Data block
Start of Block
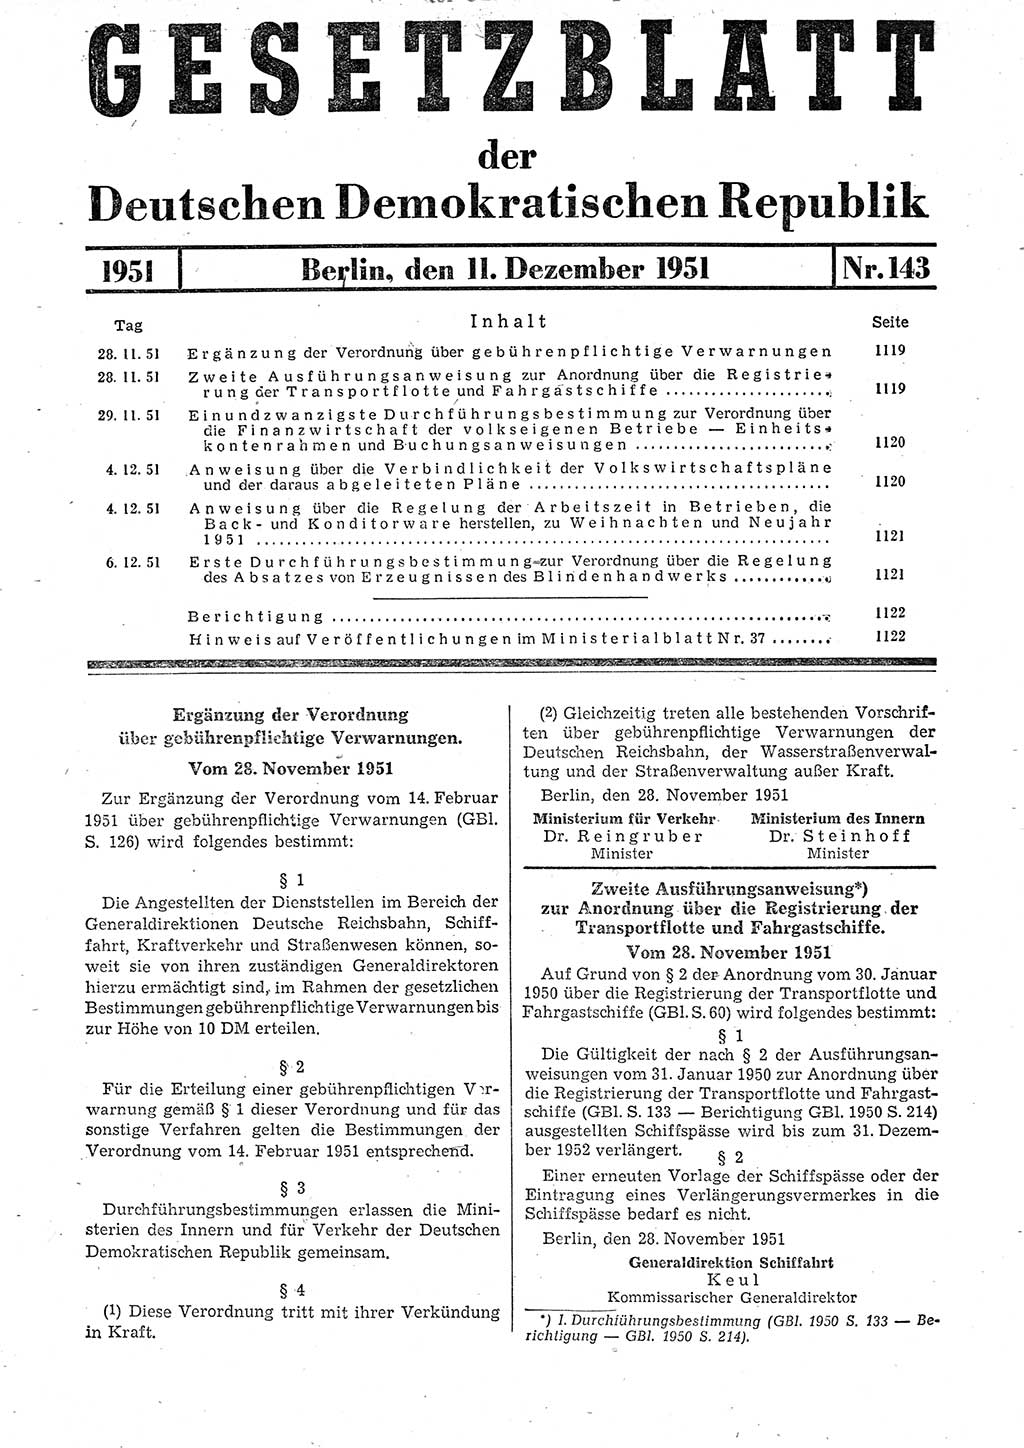 Gesetzblatt (GBl.) der Deutschen Demokratischen Republik (DDR) 1951, Seite 1119 (GBl. DDR 1951, S. 1119)
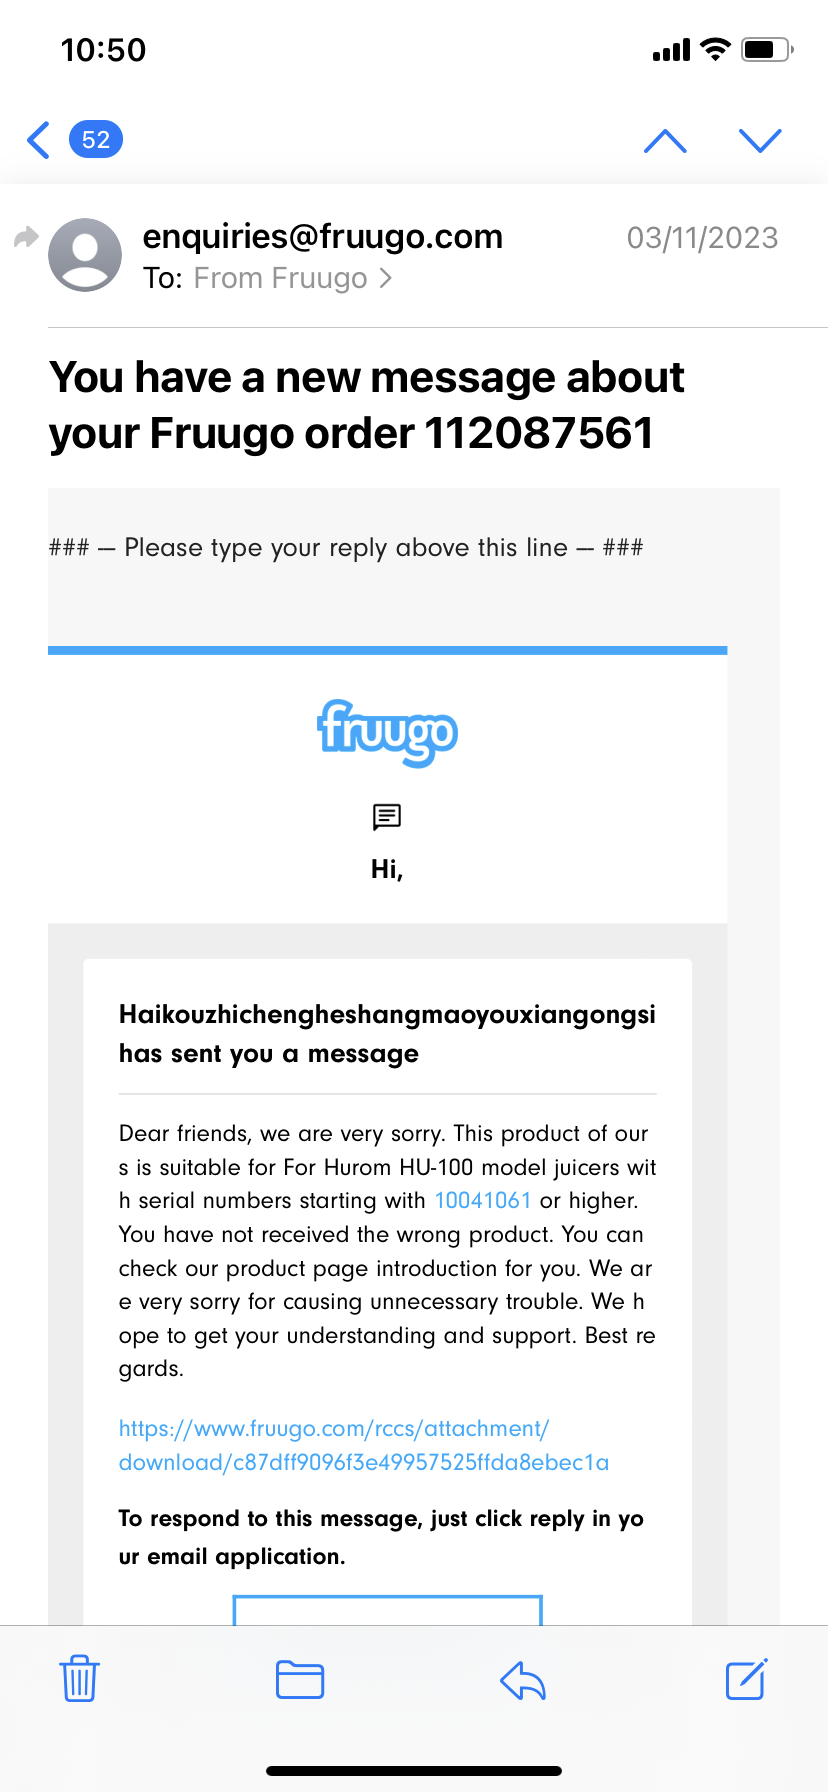 Fruugo.com Reviews - Read 1,162 Genuine Customer Reviews
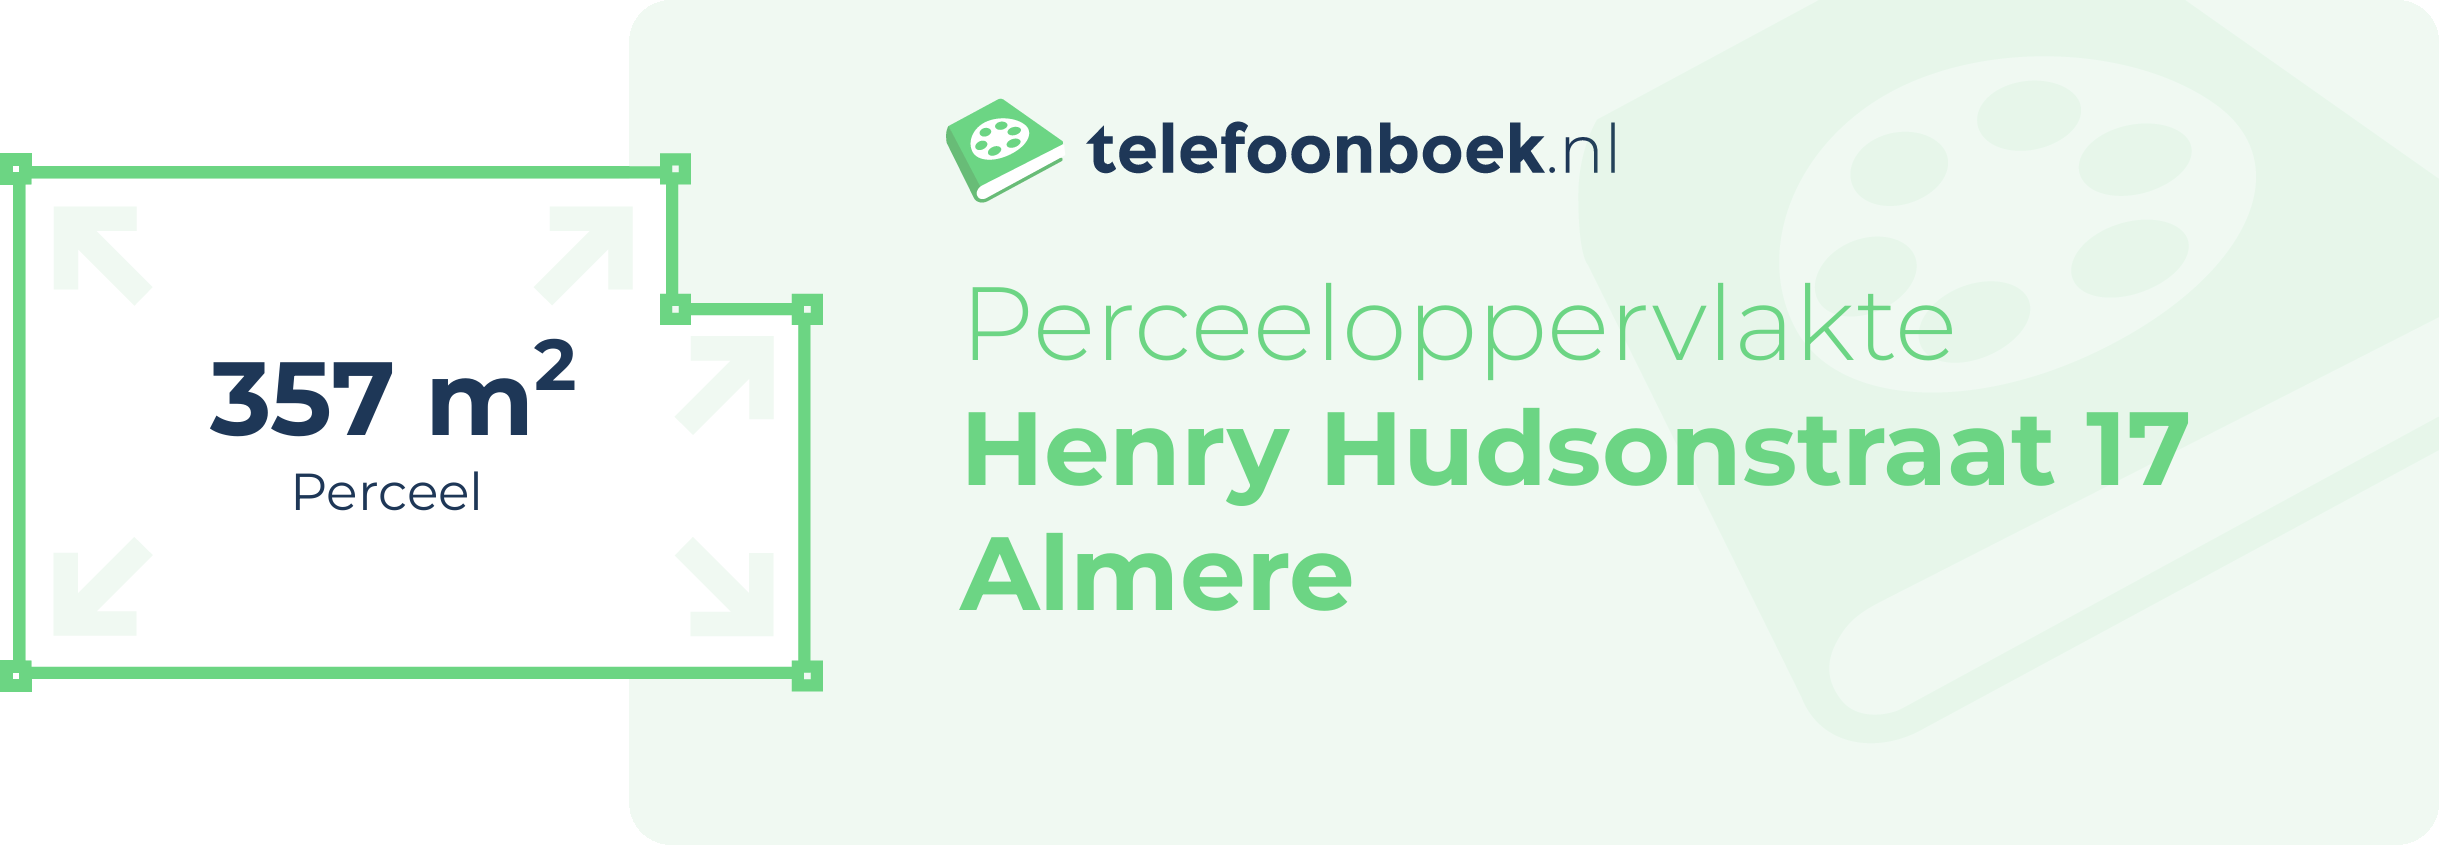 Perceeloppervlakte Henry Hudsonstraat 17 Almere
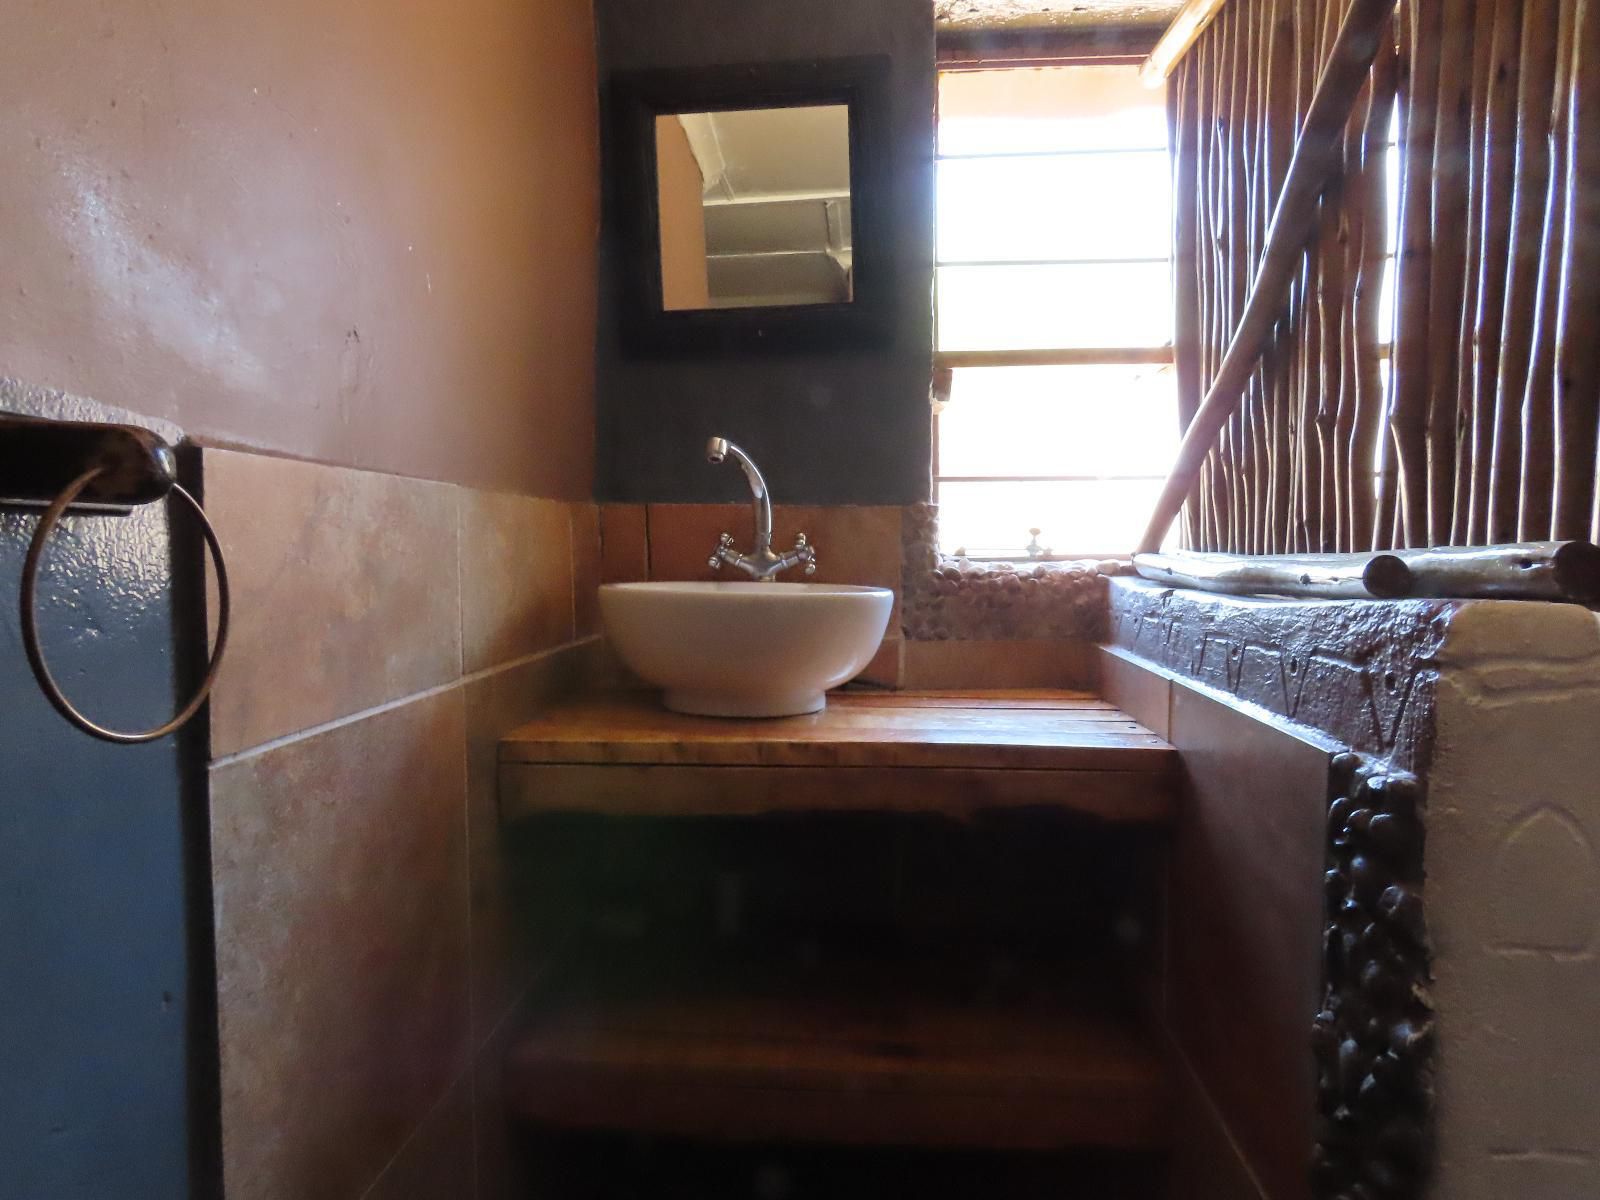 Uitvlugt Resort Rust De Winter Limpopo Province South Africa Bathroom
End of Block
What to produce
The copy must begin with the line containing "Perceeloppervlakte Henry Hudsonstraat", end with the last line of the material, match each line exactly, and hold no pictures.

Completed exercise
 Perceeloppervlakte Henry Hudsonstraat 17 Almere
 Uitvlugt Resort Rust De Winter Limpopo Province South Africa Bathroom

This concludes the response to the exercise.